Белинский В. Г. — Гоголю, 20 апреля 1842

20 апреля 1842 г. Петербург [1]

Милостивый государь
Николай Васильевич!
Я очень виноват перед вами, не уведомляя вас давно о ходе данного мне вами поручения[2]. Главною причиною этого было желание — написать вам что-нибудь положительное и верное, хотя бы даже и неприятное. Во всякое другое время ваша рукопись прошла бы без всяких препятствий, особенно тогда, как вы были в Питере[3]. Если бы даже и предположить, что ее не пропустили бы, — то все же можно наверное сказать, что только в китайской Москве могли поступить с вами, как поступил г. Снегирев[4], и что в Петербурге этого не сделал бы даже Петрушка Корсаков, хоть он и моралист и пиэтист. Но теперь дело кончено, и говорить об этом бесполезно.
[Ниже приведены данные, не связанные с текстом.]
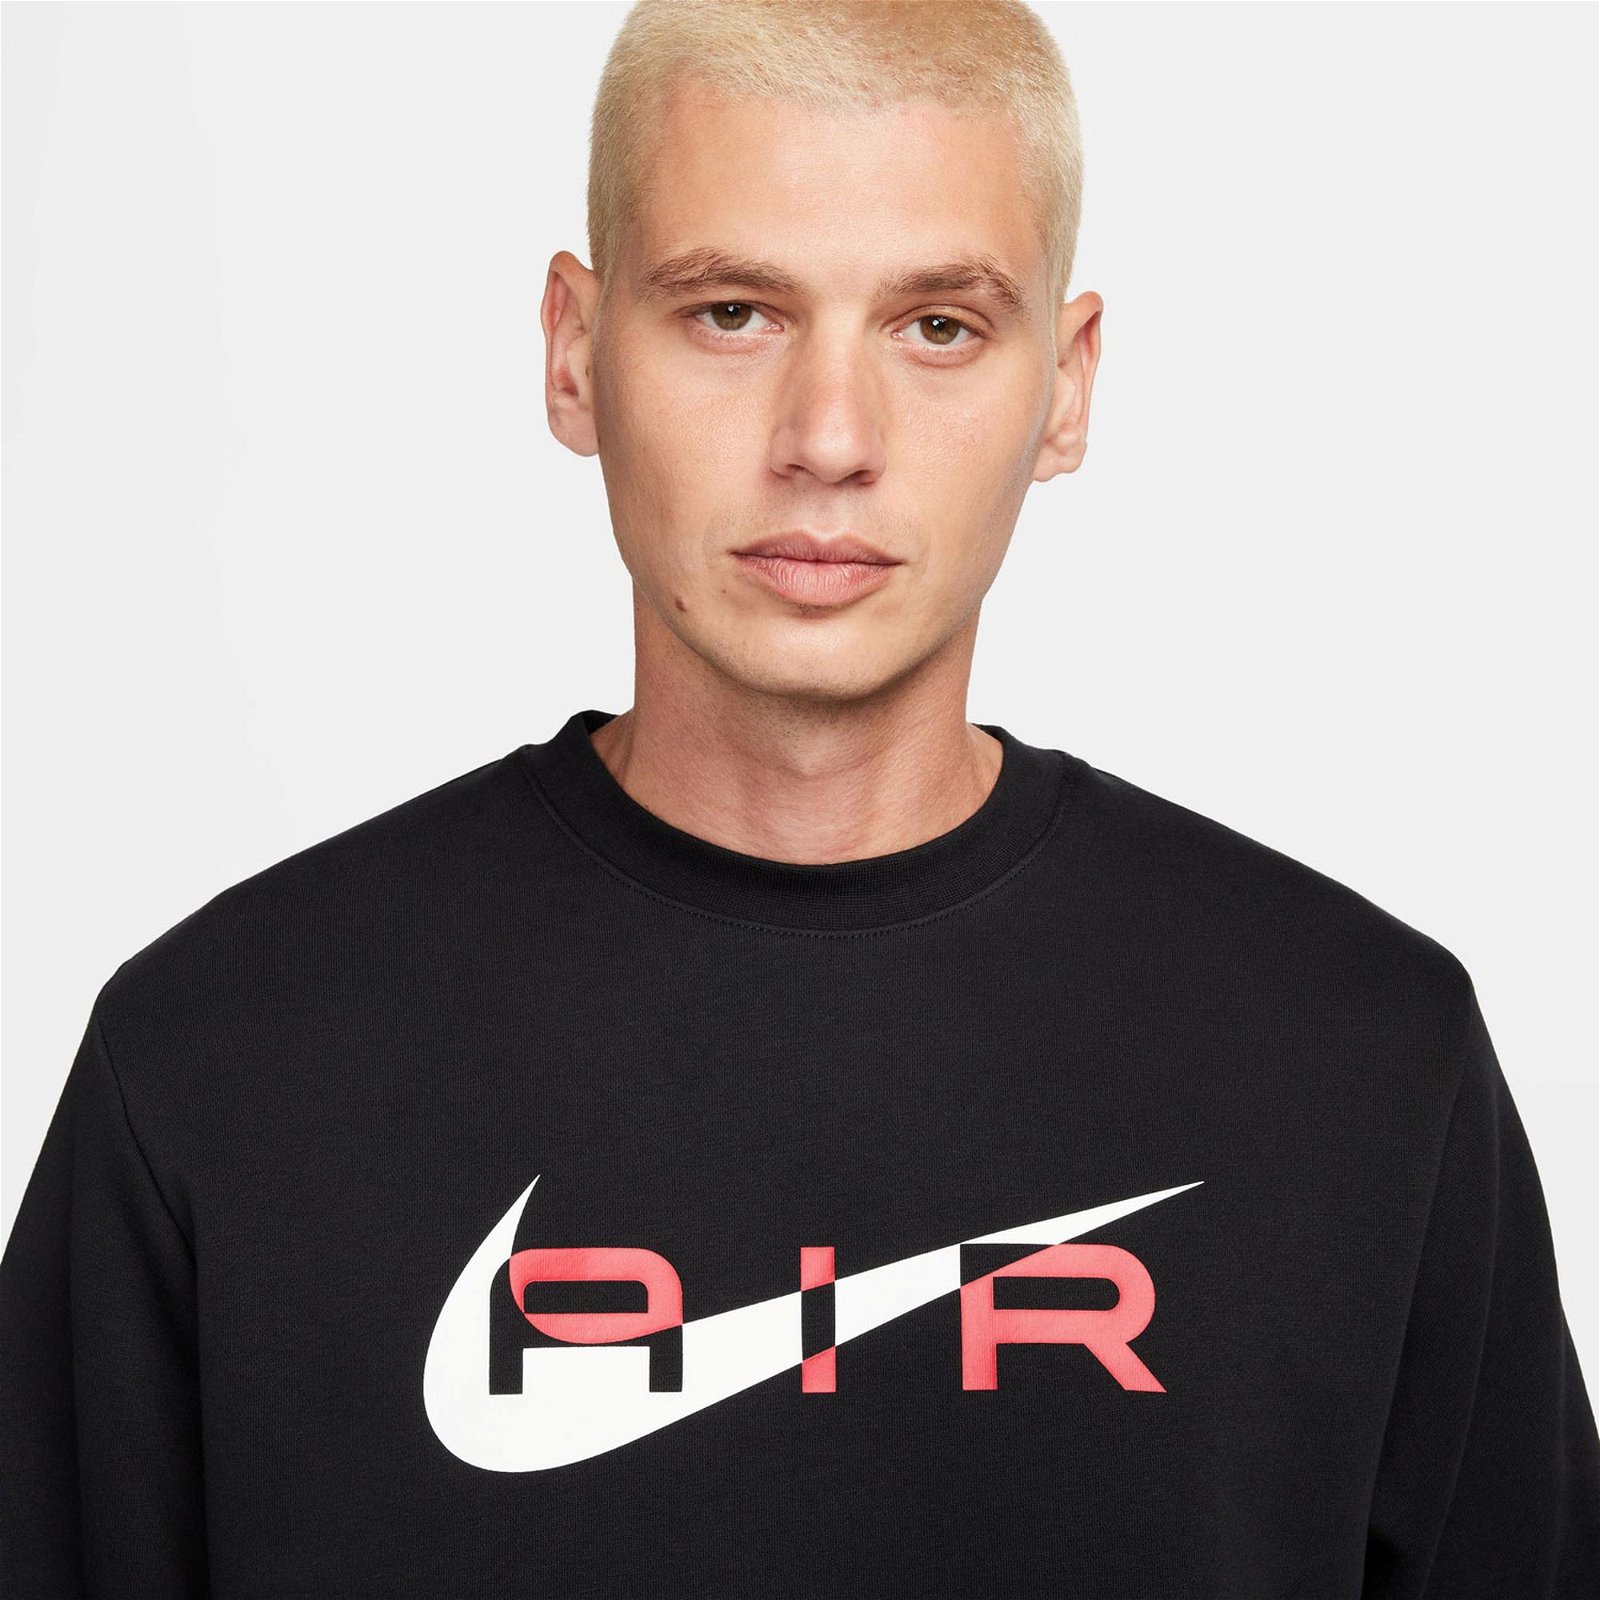 Nike Sportswear Air Fleece Erkek Siyah Sweatshirt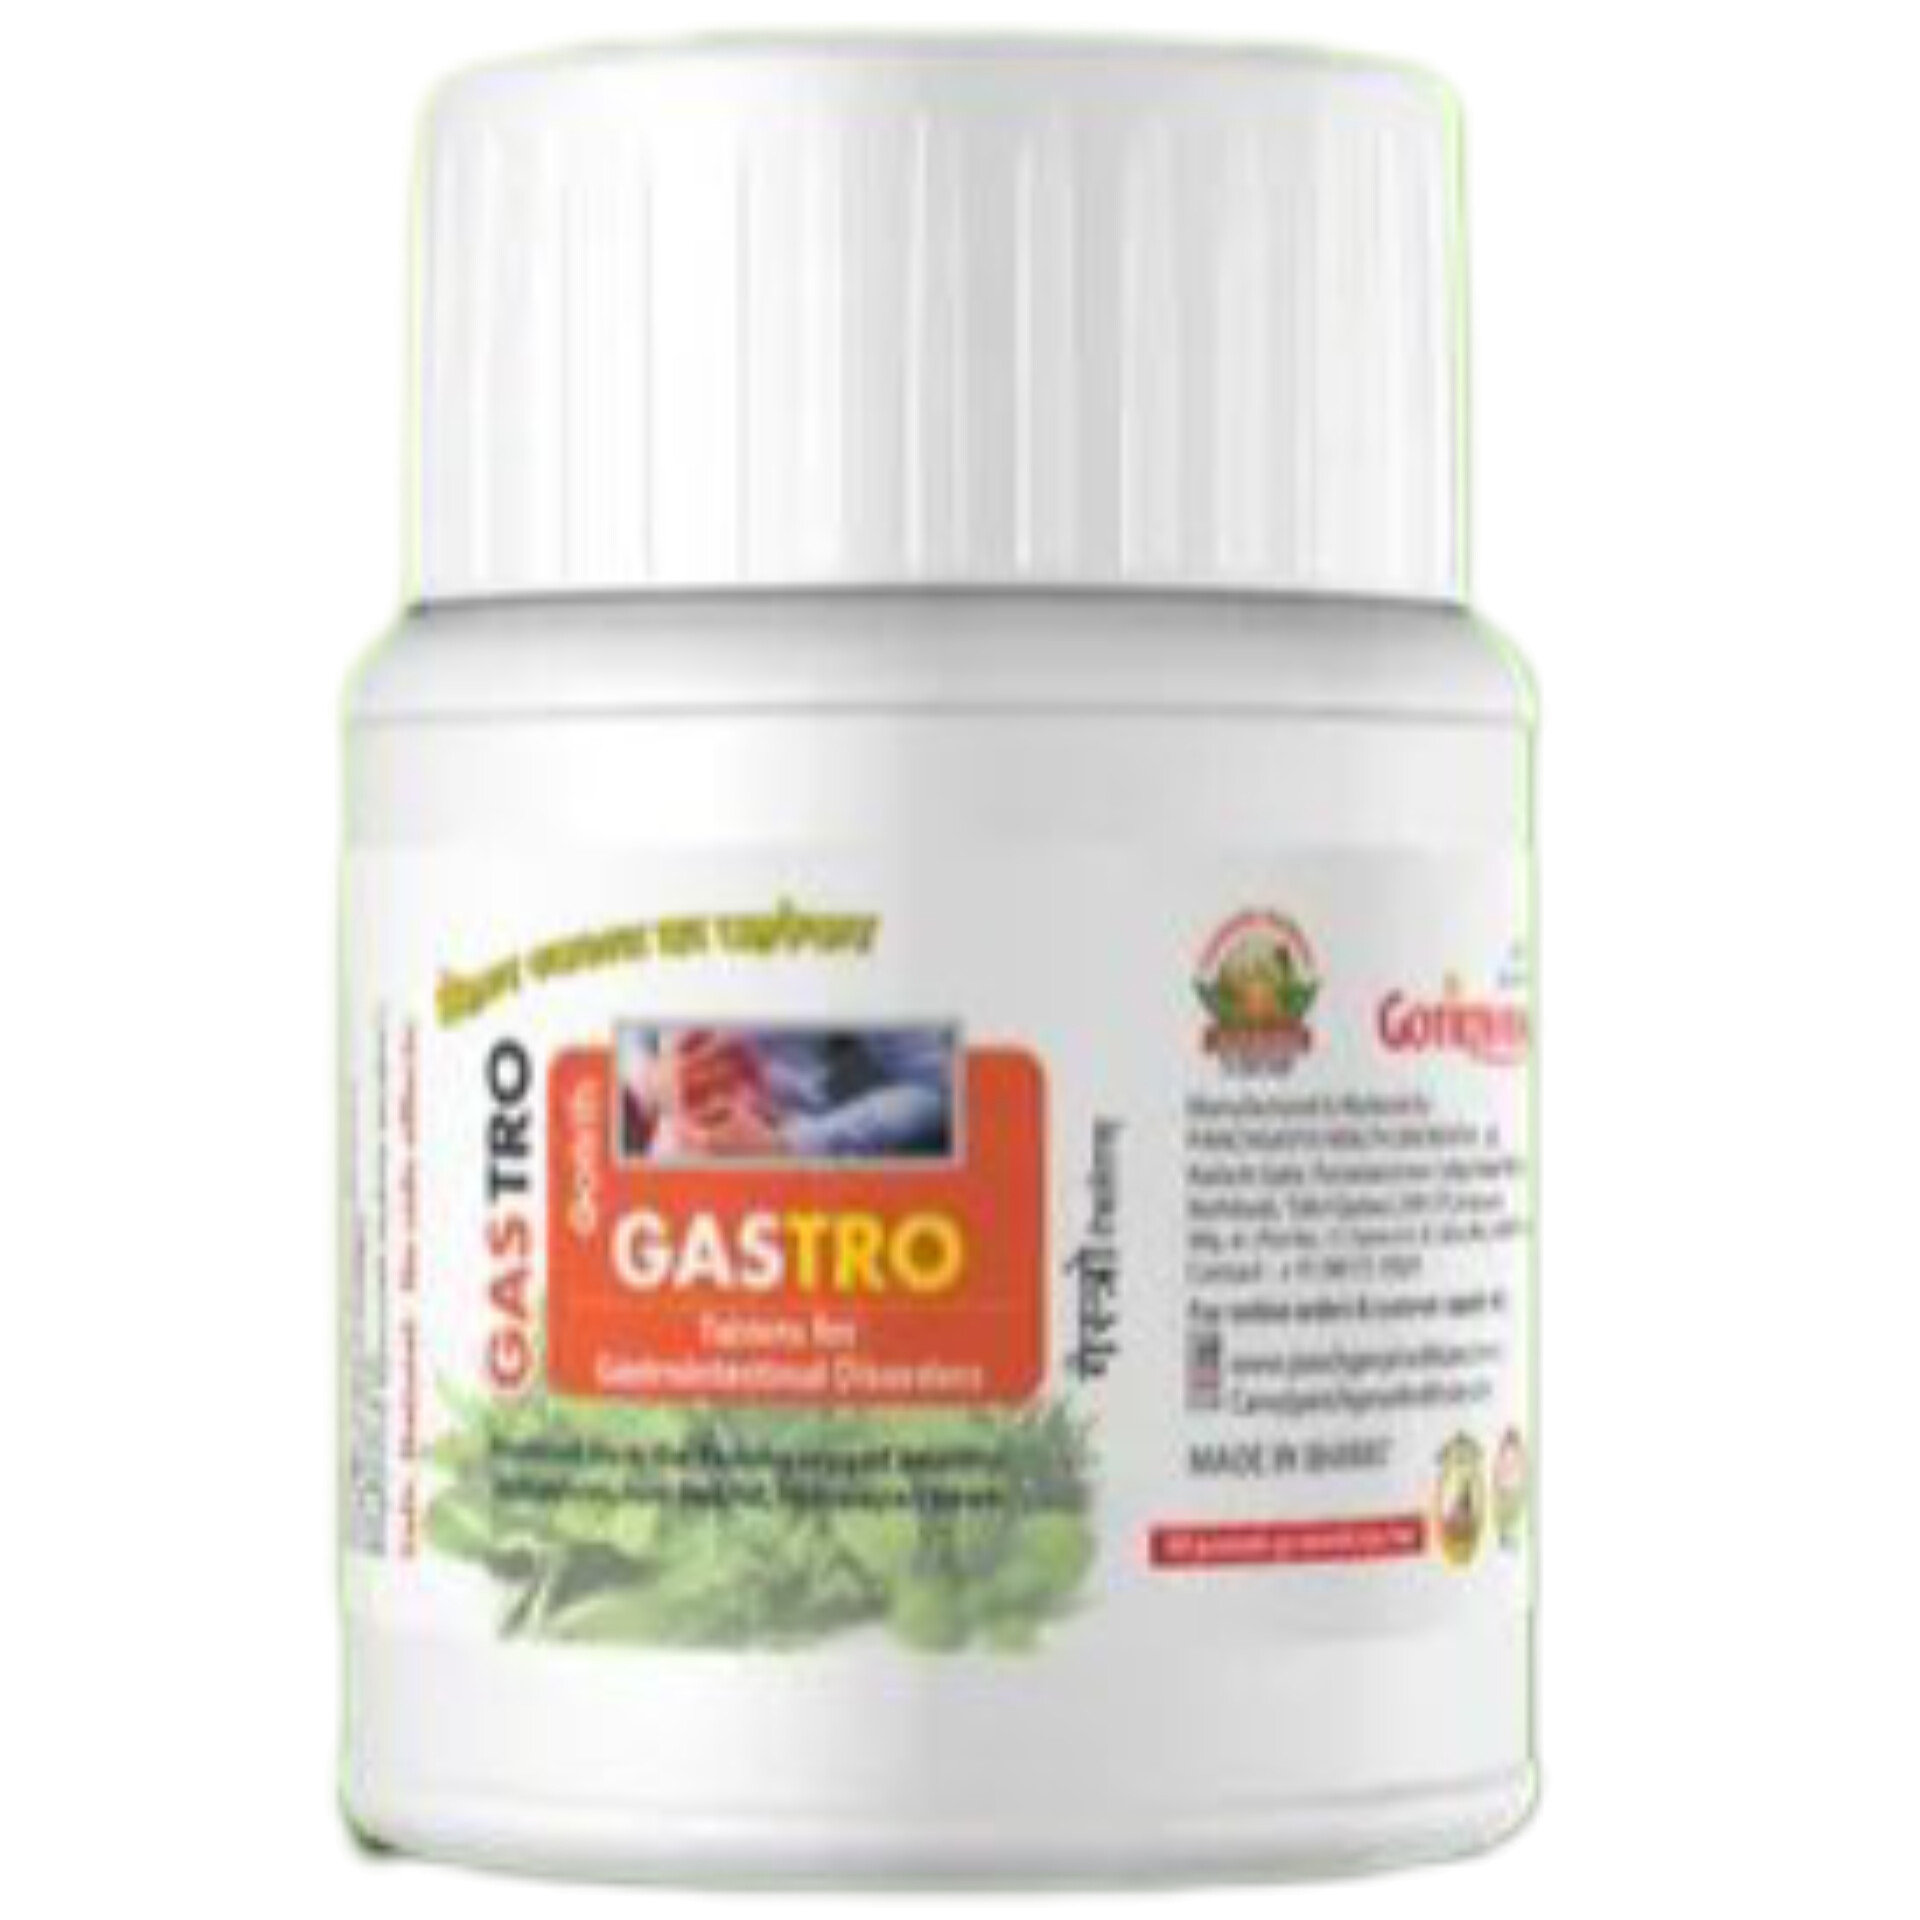 GOTIRTH GASTRO गैस्ट्रो (उदर रोग हर)  - Liquid 400ml+Tablet 40pc

Очень жалею, что ‘Москвитянин’ взял у вас все[5] и что для ‘Отечественных записок'[6] нет у вас ничего. Я уверен, что это дело судьбы, а не вашей доброй воли или вашего исключительного расположения в пользу ‘Москвитянина’ и в невыгоду ‘Отечественных записок’. Судьба же давно играет странную роль в отношении ко всему, что есть порядочного в русской литературе: она лишает ума Батюшкова, жизни Грибоедова, Пушкина и Лермонтова — и оставляет в добром здоровье Булгарина, Греча и других подобных им негодяев в Петербурге и Москве, она украшает ‘Москвитянин’ вашими сочинениями — и лишает их ‘Отечественные записки’. Я не так самолюбив, чтобы ‘Отечественные записки’ считать чем-то соответствующим таким великим явлениям в русской литературе, как Грибоедов, Пушкин и Лермонтов, но я далек и от ложной скромности — бояться сказать, что ‘Отечественные записки’ теперь единственный журнал на Руси, в котором находит себе место и убежище честное, благородное и — смею думать — умное мнение, и что ‘Отечественные записки’ ни в каком случае не могут быть смешиваемы с холопами знаменитого села Поречья[7]. Но потому-то, видно, им и то же счастие: не изменить же для ‘Отечественных записок’ судьбе своей роли в отношении к русской литературе.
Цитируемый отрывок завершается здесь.